November 19th, 2024

Jigging workshops invite dancers to experience Métis culture


By Troy Bannerman - Lethbridge Herald Local Journalism Initiative Reporter on April 12, 2023.

Herald photo by Troy Bannerman Brittany Lee will be hosting a jigging workshop today at the Galt Museum and another at the Lethbridge Public Library later this month.

The Galt Museum and Archives and the Lethbridge Public Library this month will host jigging workshops by Brittany Lee.

She will be at the Galt Museum today from 6 until 8 p.m. as part of a Métis Music and Membership program. Lee will also do a workshop at the Lethbridge Public Library’s main branch on Sunday, April 23 from 2 to 3:30 p.m. in the Eagle’s Nest.

“I really started doing it when the pandemic hit. We were stuck at home for a good year – the kids and I would be out in our backyard practicing. I probably listened to the Red River Jig 90 times from different people. But we would practice and so then I kind of honed in on my basic step a little more. And it was lovely because of the videos – when we’re at home, we can watch the ones from like the ’70s. They were in the really big poofy skirts,” said Lee in a recent interview.

“I watched those videos quite a bit to see. And then really just took a nosedive into it and started realizing how much I love doing the jig and dances.

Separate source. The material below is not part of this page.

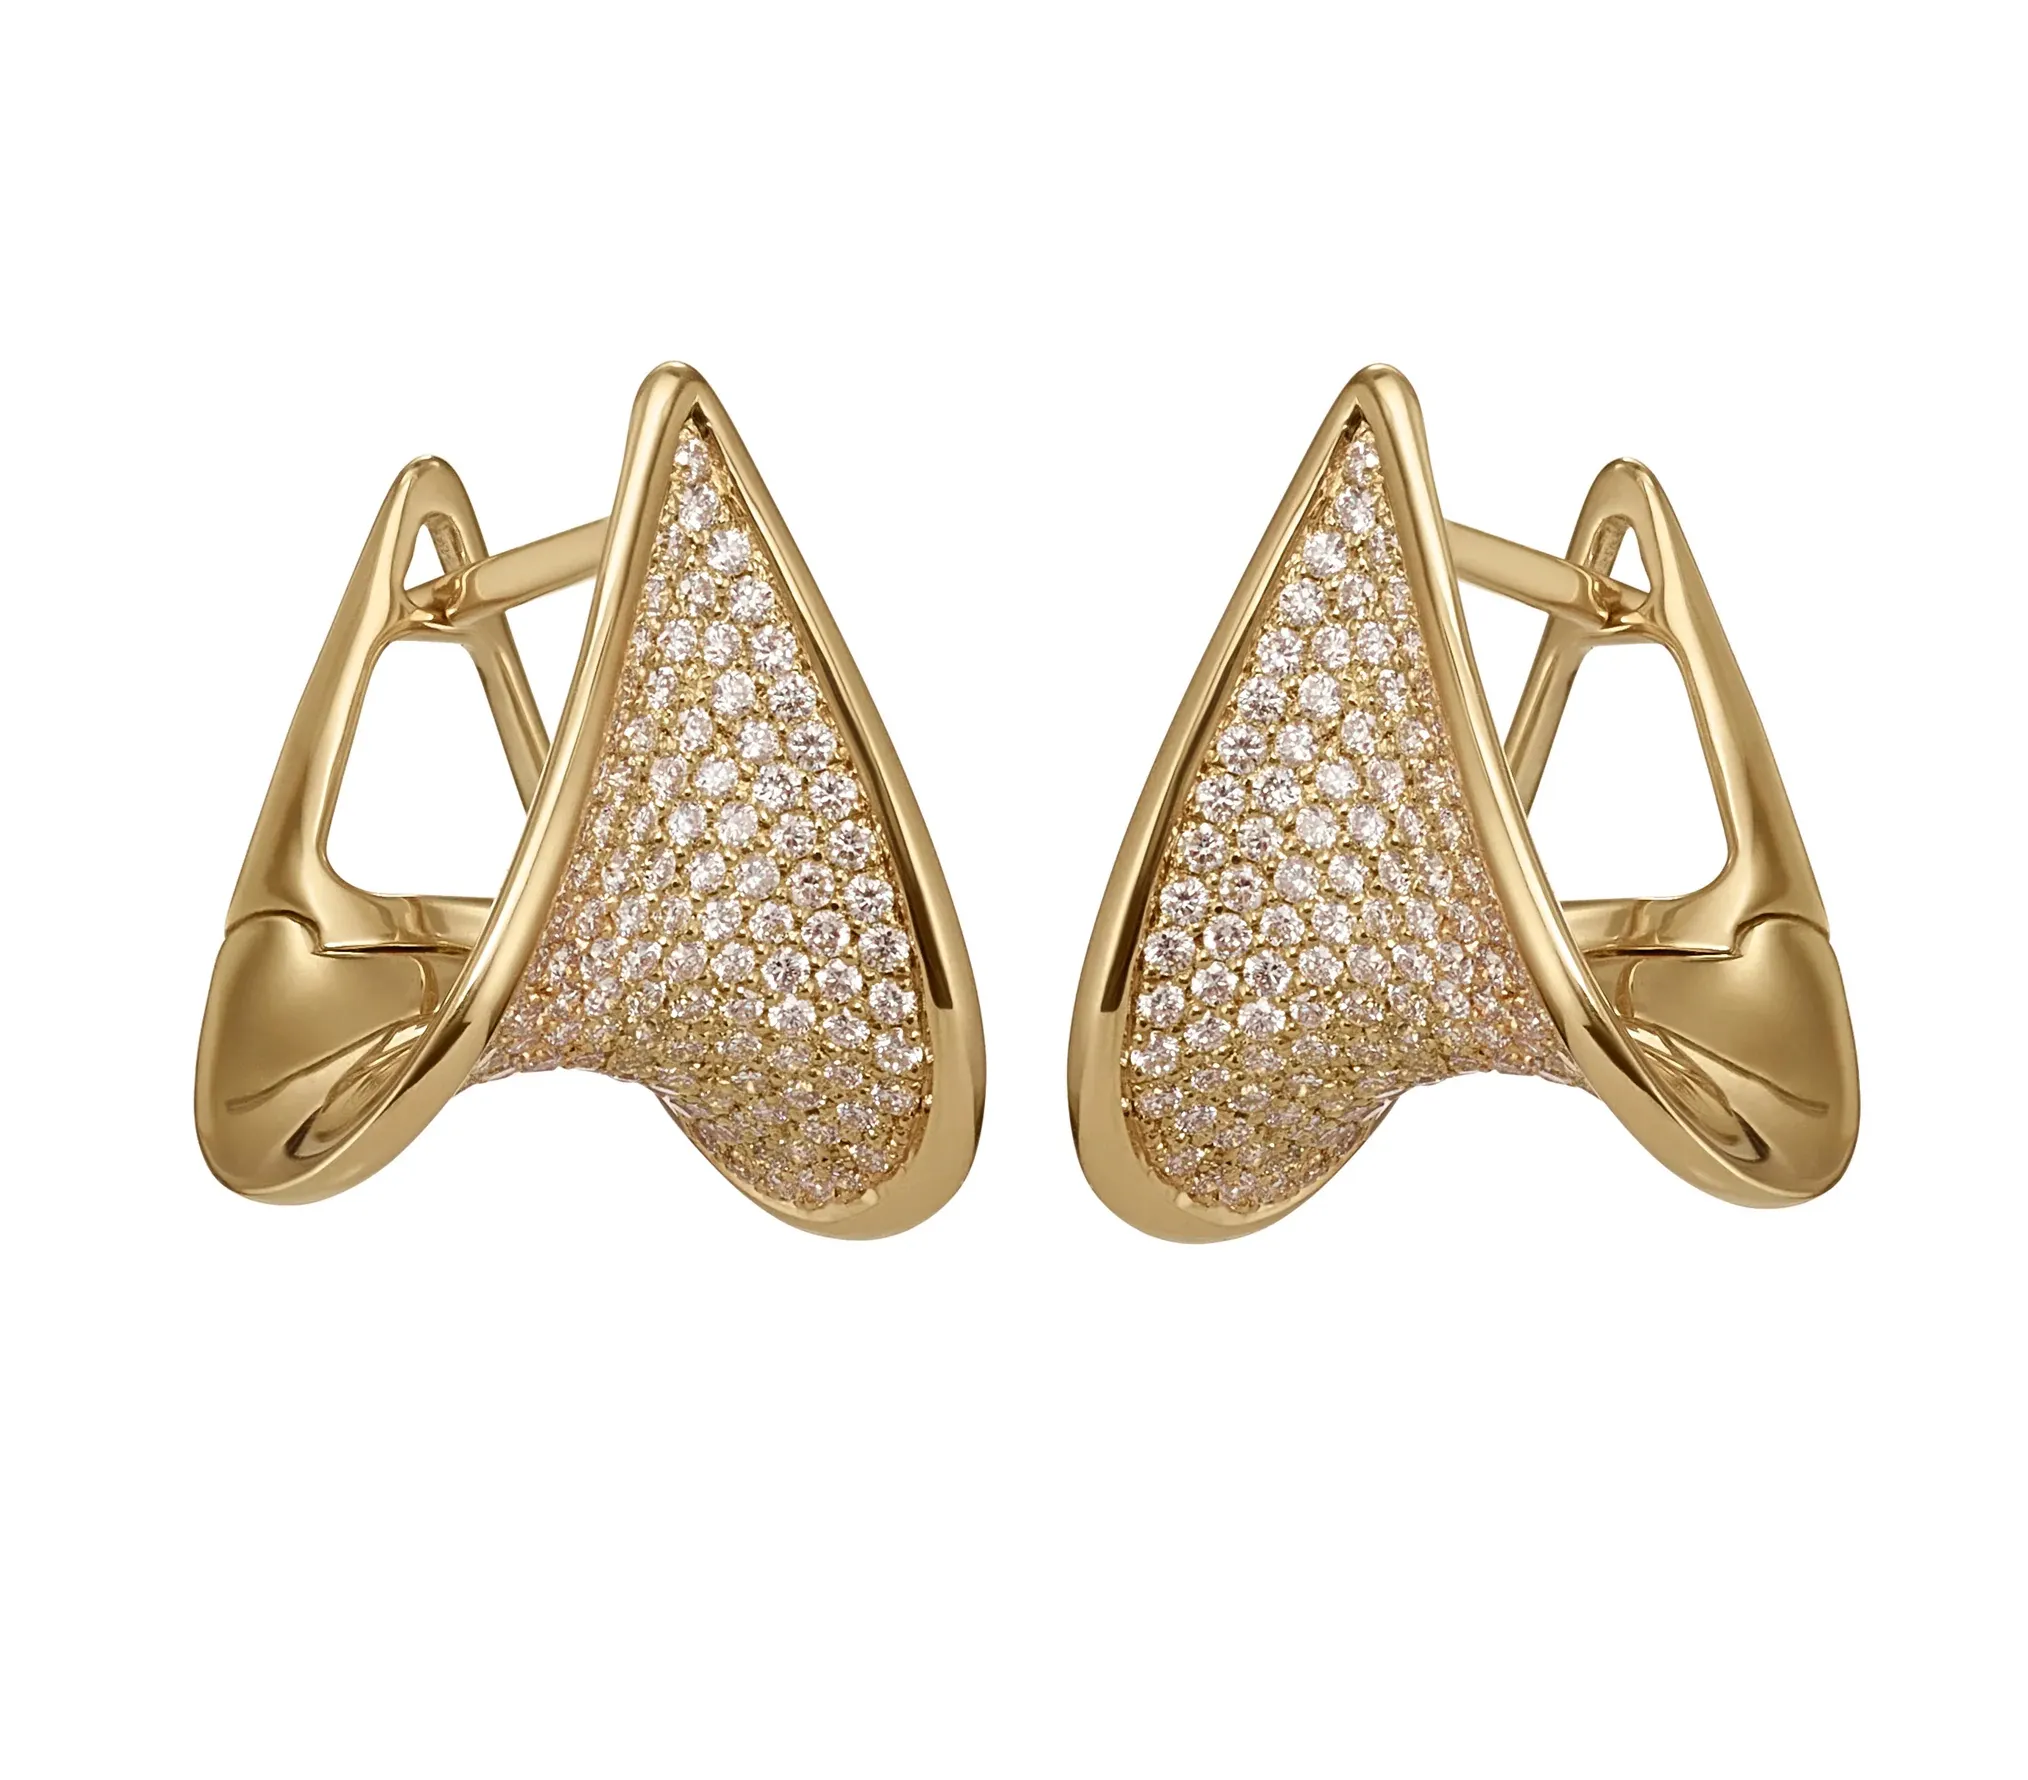 Milskye gentle engagement jewelry 18k gold plated brass pave diamond hoop earrings

We would do the Rabbit Dance in the backyard, too, and we’d invite our neighbours over and teach them and that was fun. So then the kids started getting very interested in it. And I wanted to know a little bit more about putting my own spin on it. Making it a little bit more relaxed because I love watching jiggers but I really like to feel the music and do it for reasons other than showing others: it is to feel the music down in my heart.”

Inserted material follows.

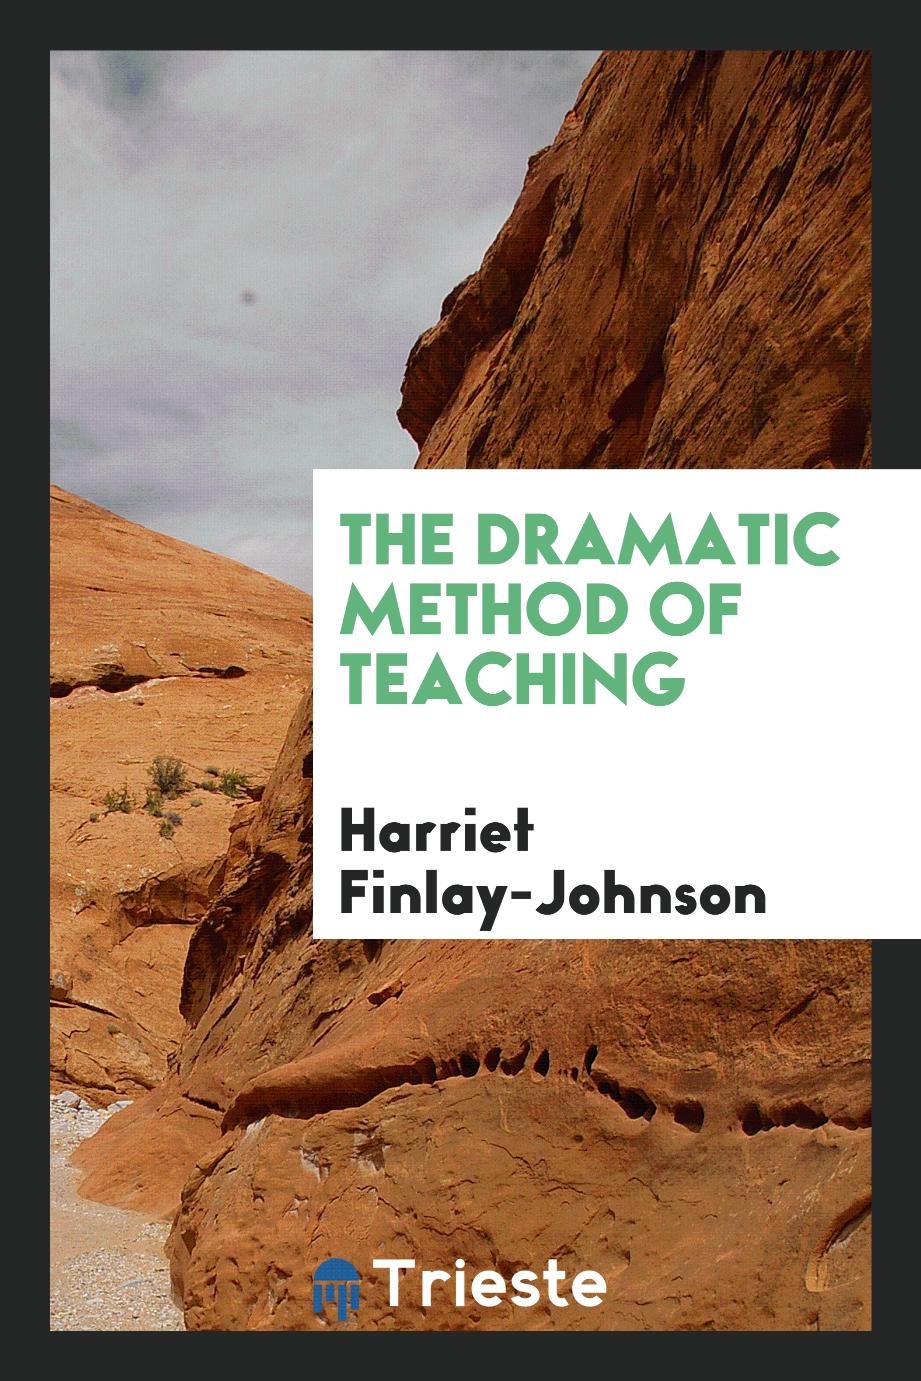 The dramatic method of teaching

Lee’s workshop at the Galt will blend music and dance with a fiddle player in what she calls “a beautiful workshop.”

After some musical excerpts, Lee will teach some basic steps then some games will be played to get attendees relaxed and excited, before moving into group and other dances.

The library event will be a bigger workshop with about an hour-and-a-half devoted just to jigging and dances.

“I’m going to have an expanded curriculum for that workshop to expand on the dances that we touched on at the Galt. So if some of the same people come, they will get a more in-depth understanding of the dances and be able to try some of them out,” Lee said.

Lee said she’s always been a dancer, “kind of self-taught. . .A lot of the times I would watch others do tap dancing at first. I really enjoyed watching tap dancing and Riverdance. And I would try to pretend to do that. And then once I realized that I wasn’t going to be a dancer, I started honing in on jigging because I didn’t see anybody else doing it here.”

Lee used to be a swimming coach so she says it’s in her nature to teach others.

“I really like to share, share knowledge, share my joy, my passions to help other people find that joy and passion as well,” said Lee.